It’s not unusual these days to have a lender request a “letter of explanation” from a home buyer or someone who is refinancing their current property. I letter of explanation (or LOE) is often used to help provide more information to the underwriter or lender based on information that is disclosed on an application or credit report. LOE’s may address anything from gaps in employment to inquires on a credit report and is intended to help explain or add support to the transaction. If a borrower has had an extenuating circumstance and is trying to have an exception made to an underwriting guideline, they may be asked to write a LOE.
I’m seeing a trend where home owners are refinancing their current home as “owner occupied” and then weeks after closing, try buying another home as “owner occupied”. You cannot have two owner occupied homes. It’s really that simple.
I’ve had a couple of surprised people contact me who thought they could buy a home just following a refinance only to learn by their mortgage originator that they have to finance the new home as an investment property. Financing an investment property not only offers a slightly higher interest rate than a mortgage for a primary residence, it also has tougher guidelines with higher down payment requirements and greater reserves (savings).
If you are considering refinancing your primary residence and possibly buying another home, you should discuss this with your mortgage originator as soon as possible. You will be signing a deed of trust which has language that you intend to occupy that home for 12 months. Some folks might feel that the “intending to occupy” means that they can refinance as owner occupied and a couple months later buy “owner occupied” and odds are, they will be caught. It may be purely unintended for this to happen, but be prepared for the possibility the new purchase to be treated as an investment property, even if you’re going to live there.
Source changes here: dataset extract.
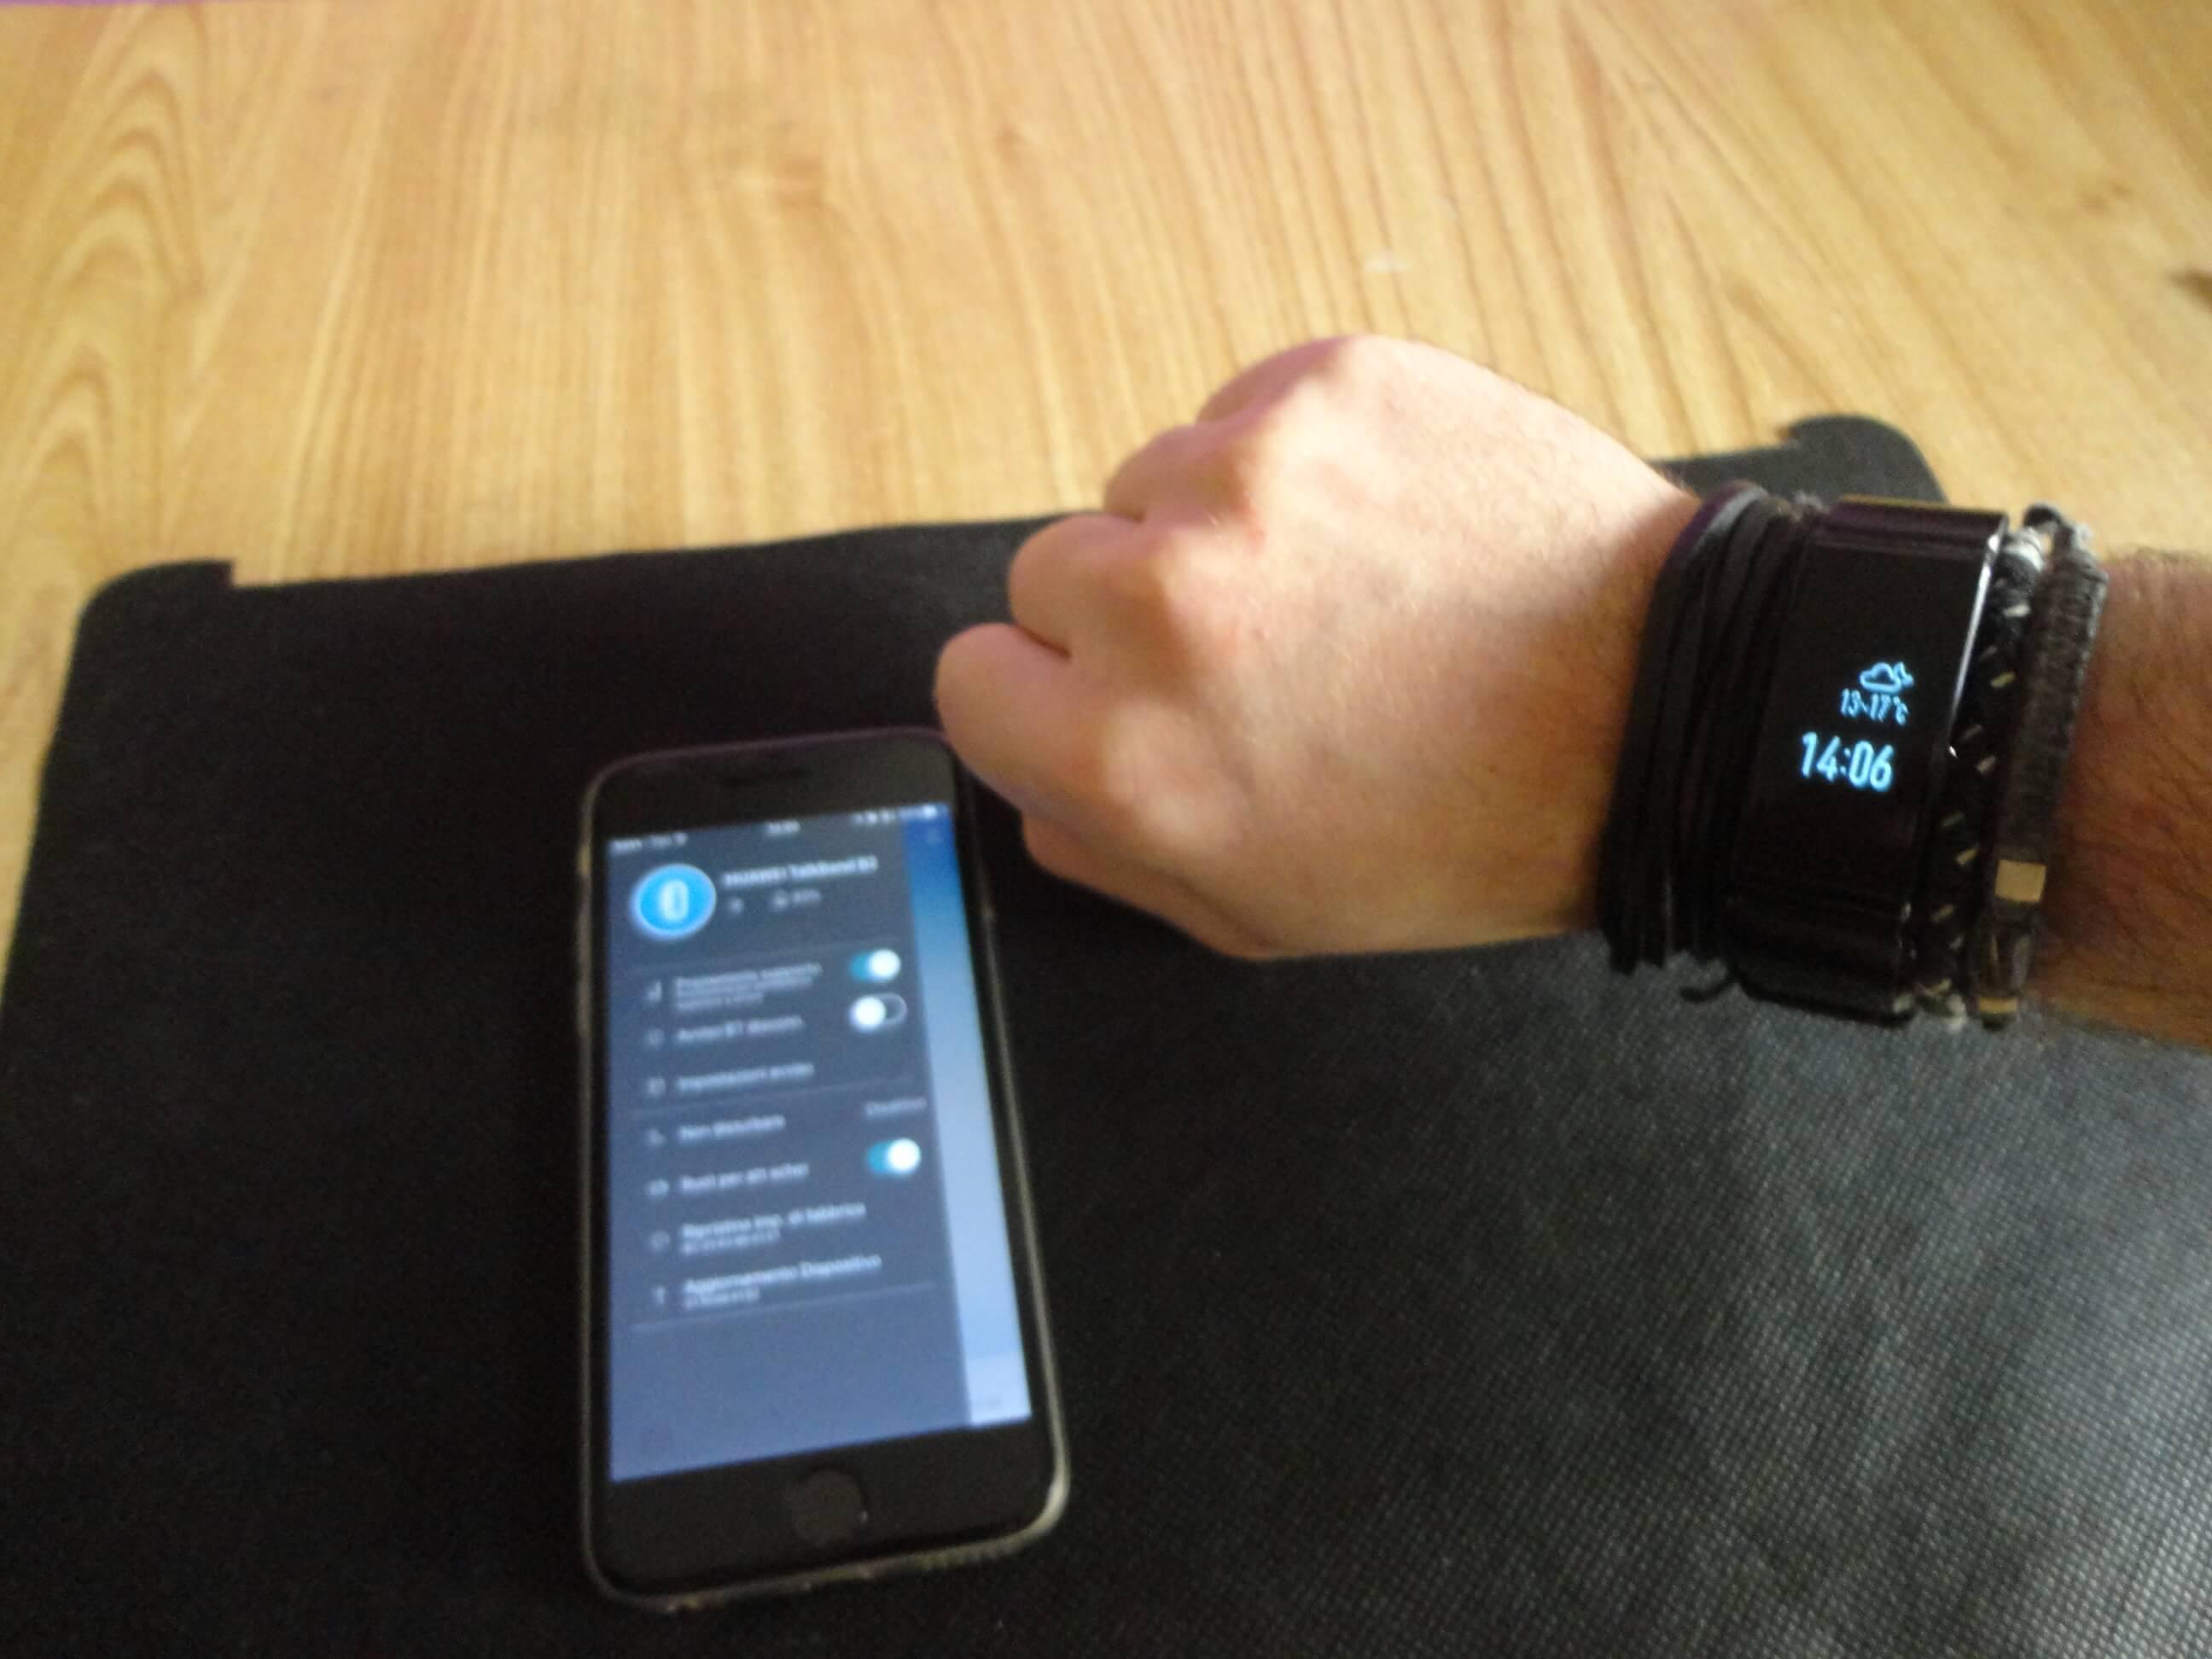 Huawei Talkband B2 app
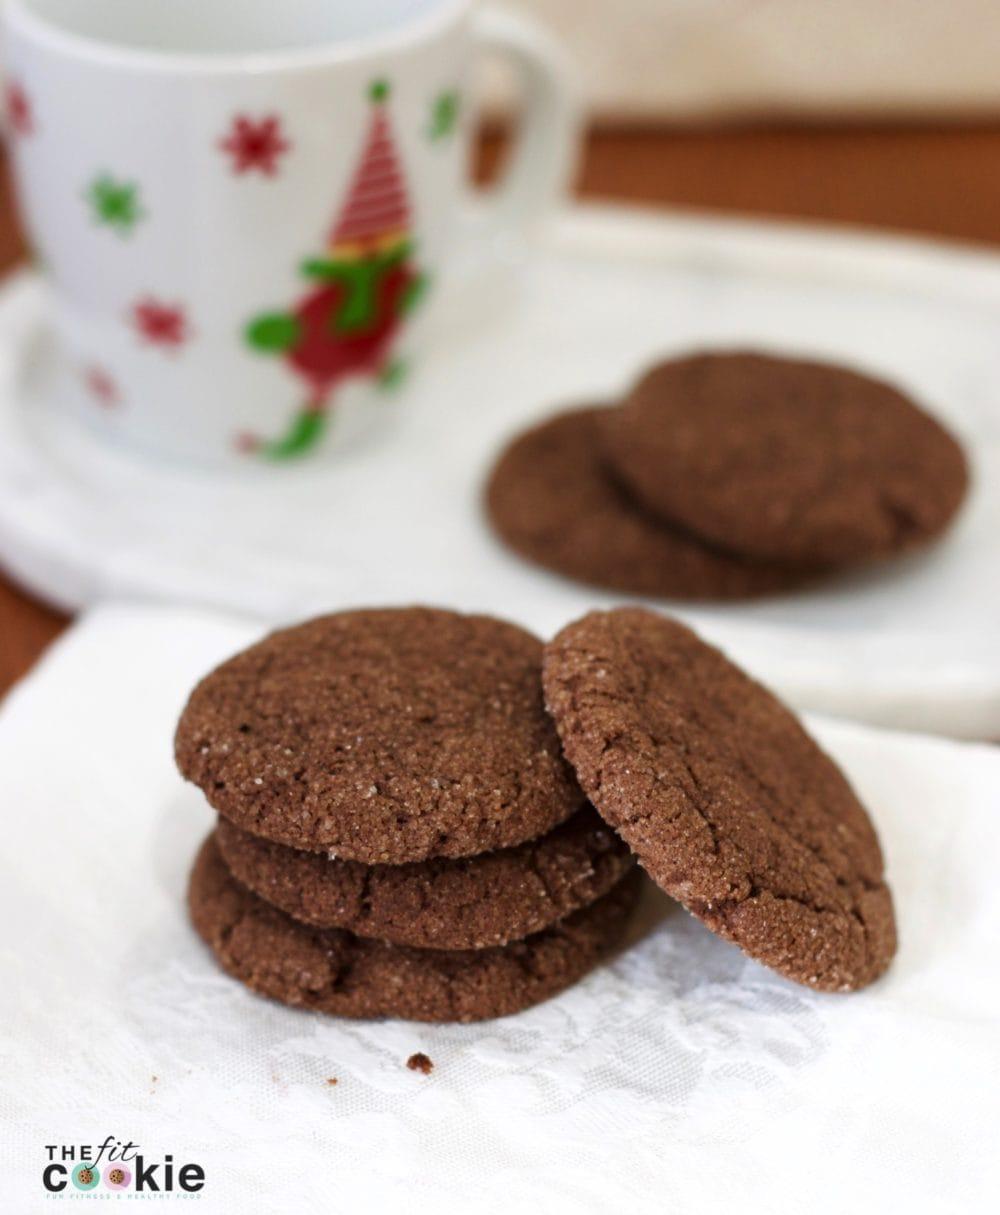 Chocolate No-Chill Vegan Sugar Cookies: quick and easy to make - #recipe #vegan @thefitcookie

If you’re considering taking advantage of the lower home prices and lower rates, you may want to delay your refinance of your current “primary residence” or talk to your mortgage originator about refinancing your current home as an investment property. Your next purchase might qualify as a second home, however the property typically needs to be about 50 miles away from your primary residence (the one you just refinanced) and it is the underwriter’s call on whether or not the second home “makes sense”…this can be a real grey area.
Life happens and we know plans change. Be upfront with your mortgage professional if you’re thinking about buying a home. You may want to ask them to verify with your personal scenario with an underwriter. Finding yourself in the middle of a transaction to buy your next home and having it declined as owner occupied can be an expensive experience.